Task goal: Having located "comparing prime rib", write out its line and the remaining lines of the material exactly, the last one included, but not the pictures.

Stored data:

⟨

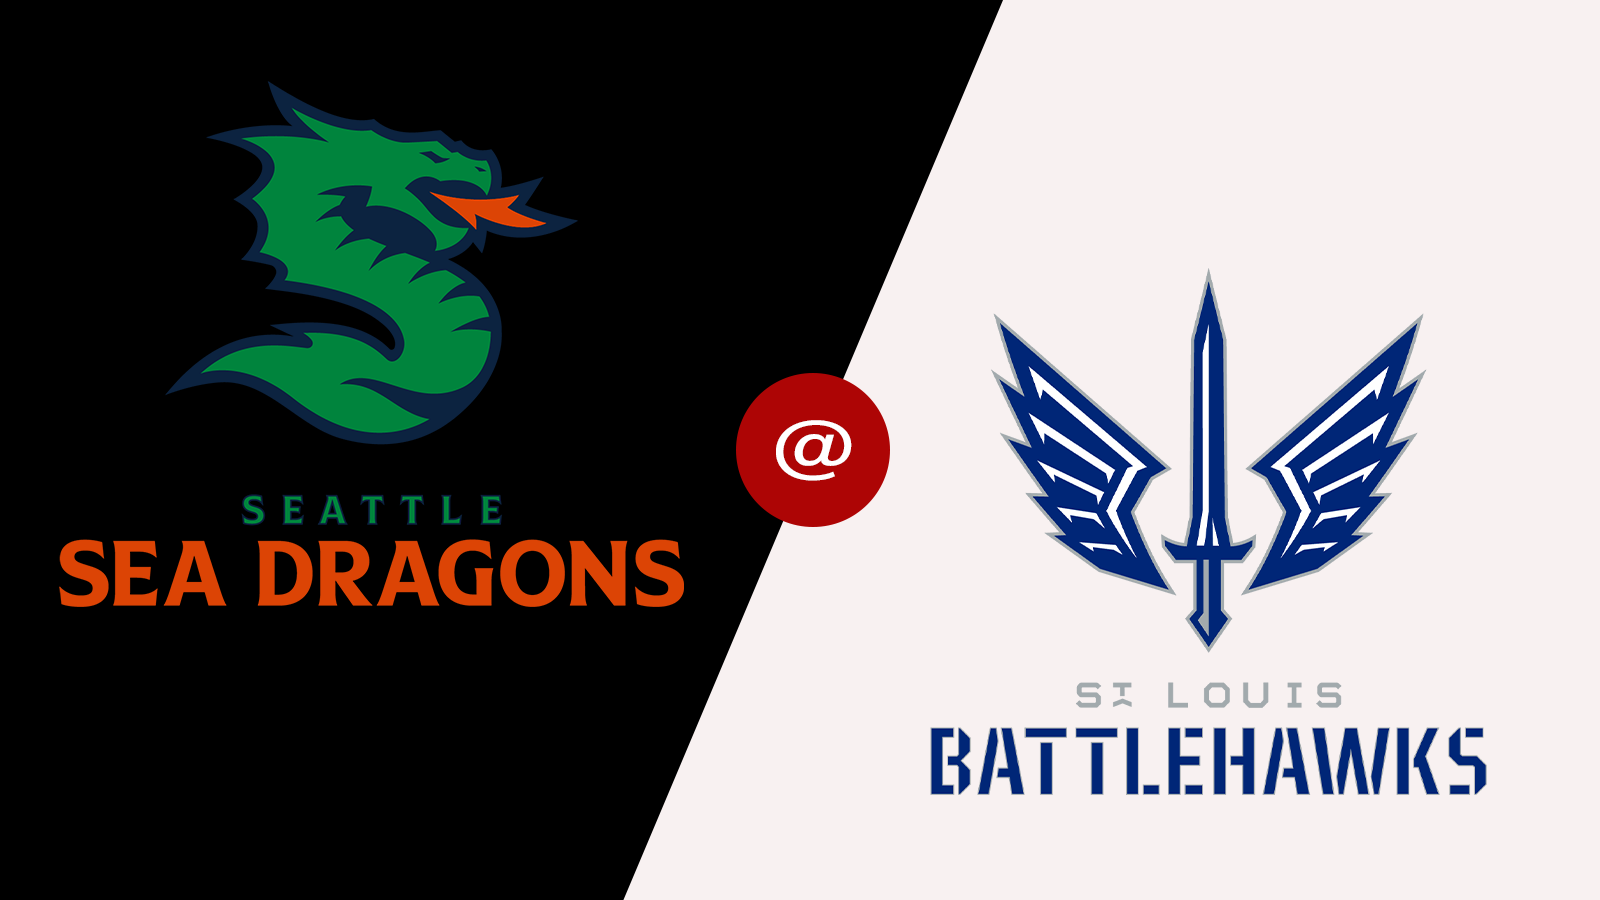 XFL Seattle Sea Dragons vs. Battlehawks - The Ticket
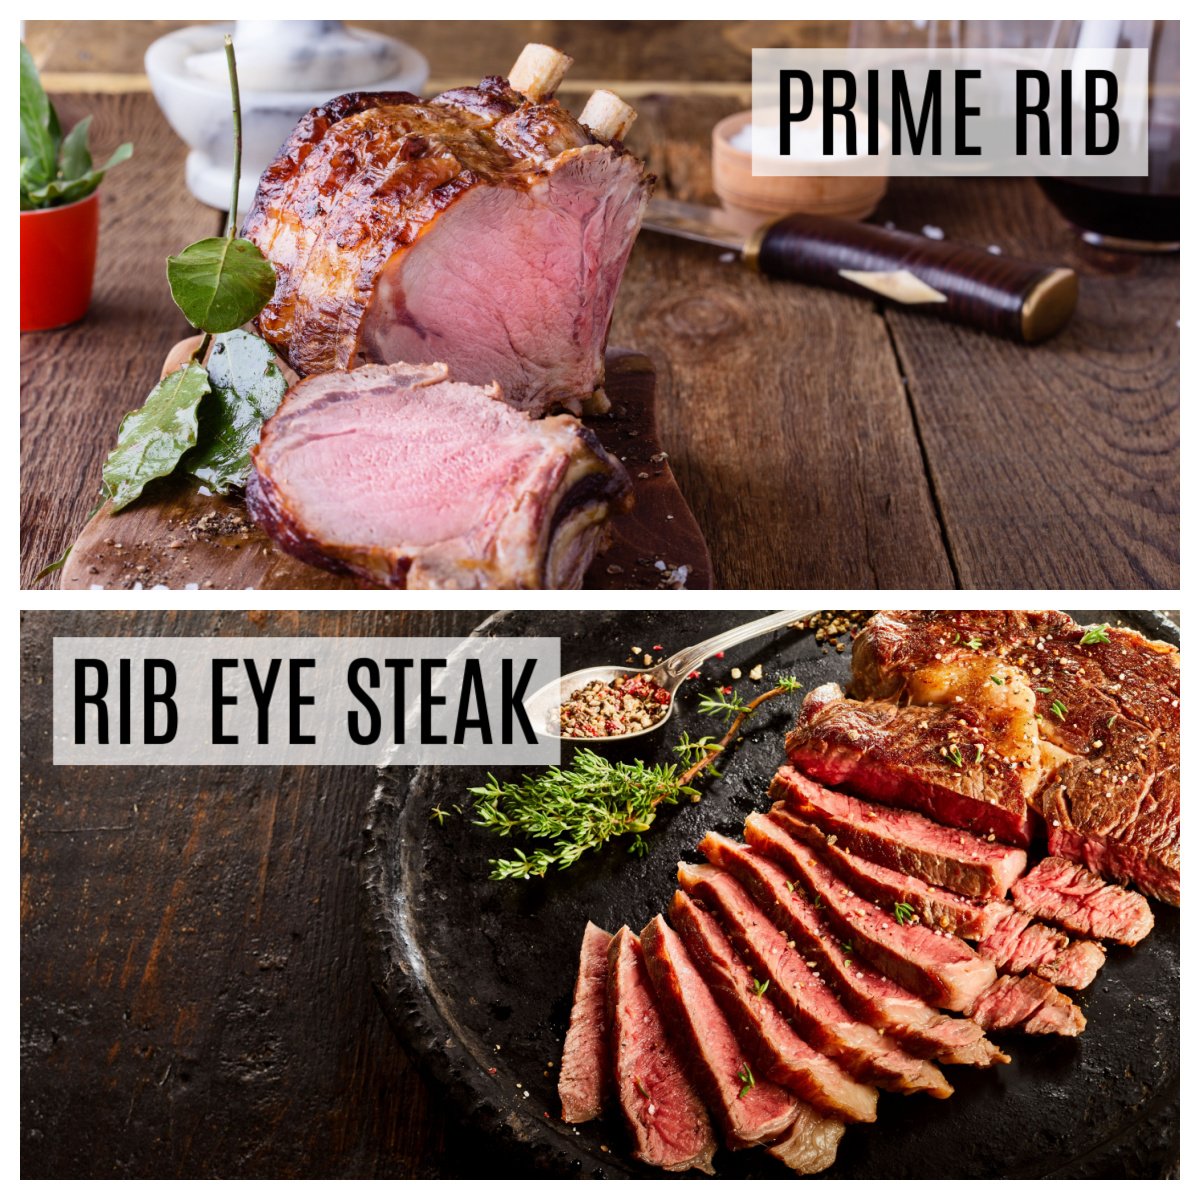 comparing prime rib versus rib eye steak main differences
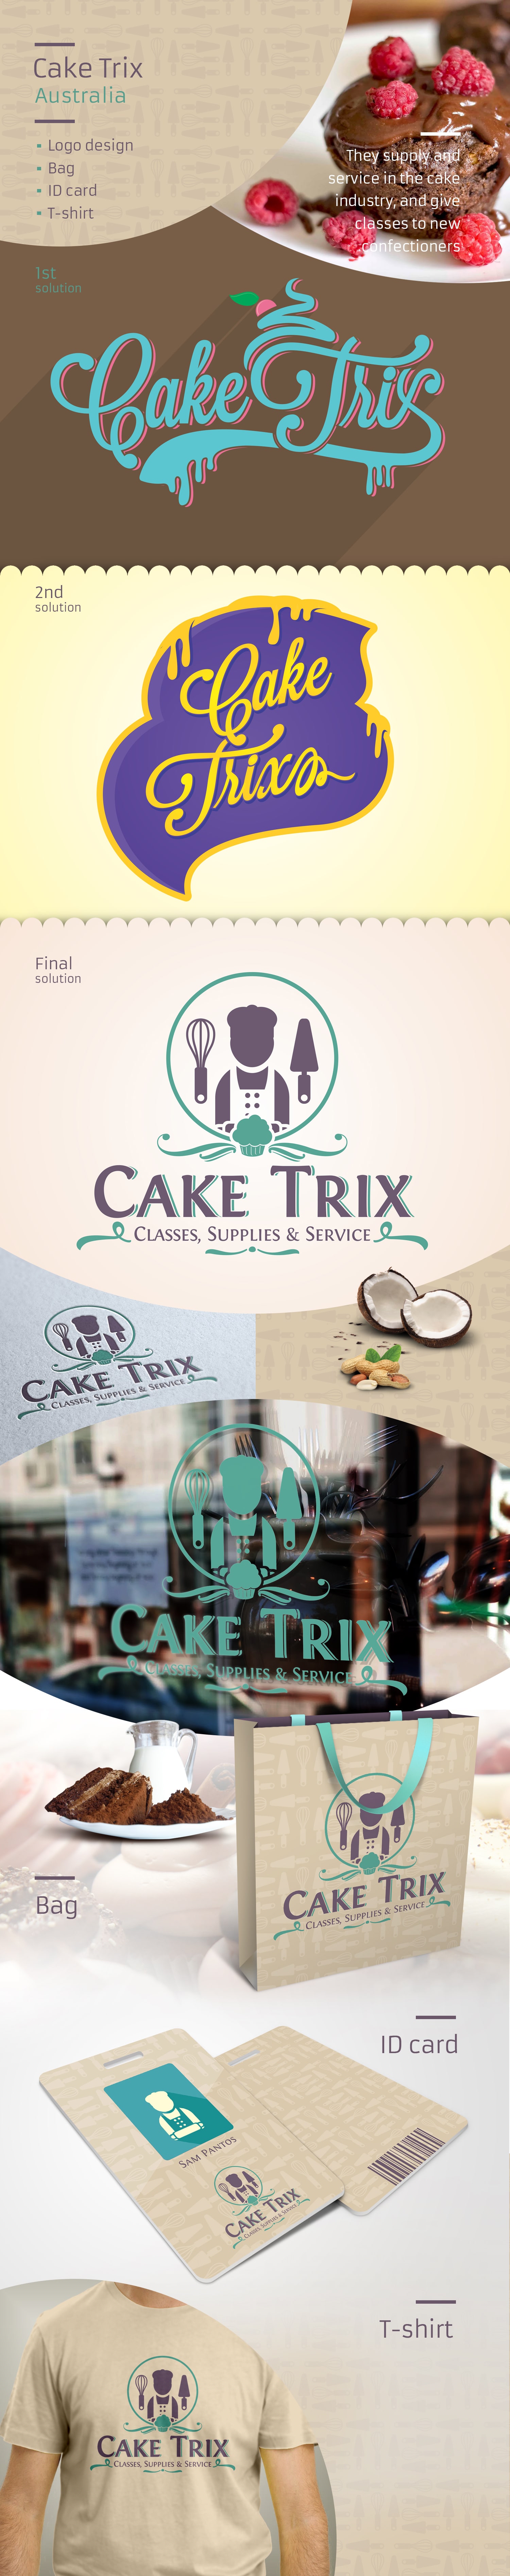 Cake trix australien corporate id

⟩

Result below:
 comparing prime rib versus rib eye steak main differences
 Cake trix australien corporate id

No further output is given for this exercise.